Truths are based on perspective and experience.
Truth is
absolute. Everything based on perspective and experience is speculation, extrapolation, estimation, guesswork, intuition, etc.
So, either the ball is on the table, or it's not. If it's moved, when the guy who saw the ball on the table says it's presently on the table, that's extrapolation on his part, and not in any way truth. The truth of that situation is the ball
was on the table at the point he sampled its position. That people afford the same feeling of truth to probable scenarios as they do absolute truths is an aspect of the human thought process, but that doesn't change the nature of ground truth and we should never mix up a personal sense of reality with ground truth. Either there is a god or there isn't. Whether someone is certain there is or isn't a god isn't going to change the fact, and that person will just be right or wrong. There cannot exist a god for all those who know it's true, and at the same time not exist a god for all those who know god is not true.
Likewise, facts are absolute as measures of truth - the actual current state of the universe and everything in it - although the measuring process can be wrong. So facts are datapoints of stuff measured that are typically afforded a sense of truth until disproven, because we're working in a world of imperfect data. Although, of course, there are fake facts too, but these should technically be differentiated as lies.
So, fact, someone sees a console spec supposedly of an upcoming console. That the person
saw a console spec is a fact (assuming they weren't hallucinating!). That the console spec pertains to what is releasing in the future is not a fact nor truth though. Another fact, someone hears a console has been cancelled. They actually
heard that. Doesn't mean it's true, but the fact they heard that from their source is valid.

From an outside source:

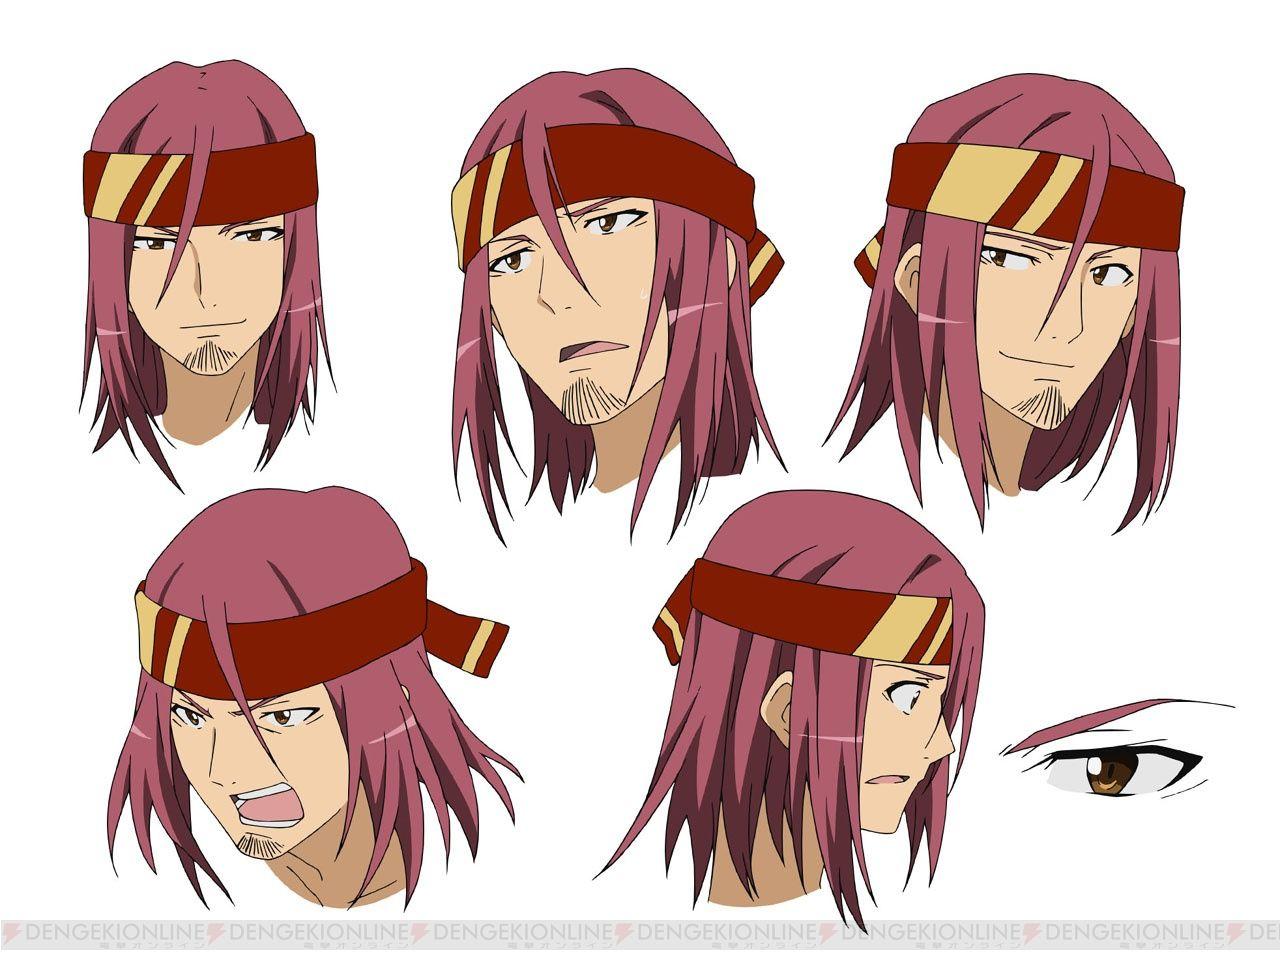 Klein (Face/Hair) Sword Art Online Sword art online

If these events relate to the same product, both facts happened but, if one of them is true, only one is. Either the console exists or its been cancelled.
fact : someone saw a spec
fact : someone heard a cancellation
truth : either (console exists) OR (console does not exist)
I'm not really following what the facts and truth in contention here are, but felt the need to weigh in on what a truth is in this age of wishy-washy 'personal truths'. Regarding Obi-won's statement, it's only true or false depending on the definition of 'Darth Vader' and 'father' and 'killed'. If we take Darth Vader to be an alternate id to Anakin Skywalker, and take the gradual displacement of Anakin's id with Darth Vader's, you can kinda get away with saying DV killed Luke's father. The solid ground truth, not dependent on symbolic language to be justified, is Darth Vader is Luke's father, his biological progenitor, who turned evil and took on a different persona. That's the truth, even if flouncy language manages to express what happened in a symbolic way. Coupled with the fact Lucas was making up the story as he went along and DV wasn't originally Luke's father when Obi-won first explained it and he needed an explanation to introduce this plot twist, we see the truth isn't at all from a certain POV and the 'alternative fact' of DV killing Luke's father rather than being his father was an intellectual construct using words in metaphorical ways to excuse it being false.
Likewise in the Matrix, everyone in the Matrix is in the Matrix, whether they know it or not. When they eat an apple, they arne't eating an apple because in the universe, that apple doesn't exist. they are just receiving brain signals to make them feel they're eating an apple. The truth of that situation is they're in a giant computer thing in a vat of purple goo dreaming/hallucinating that they are eating an apple.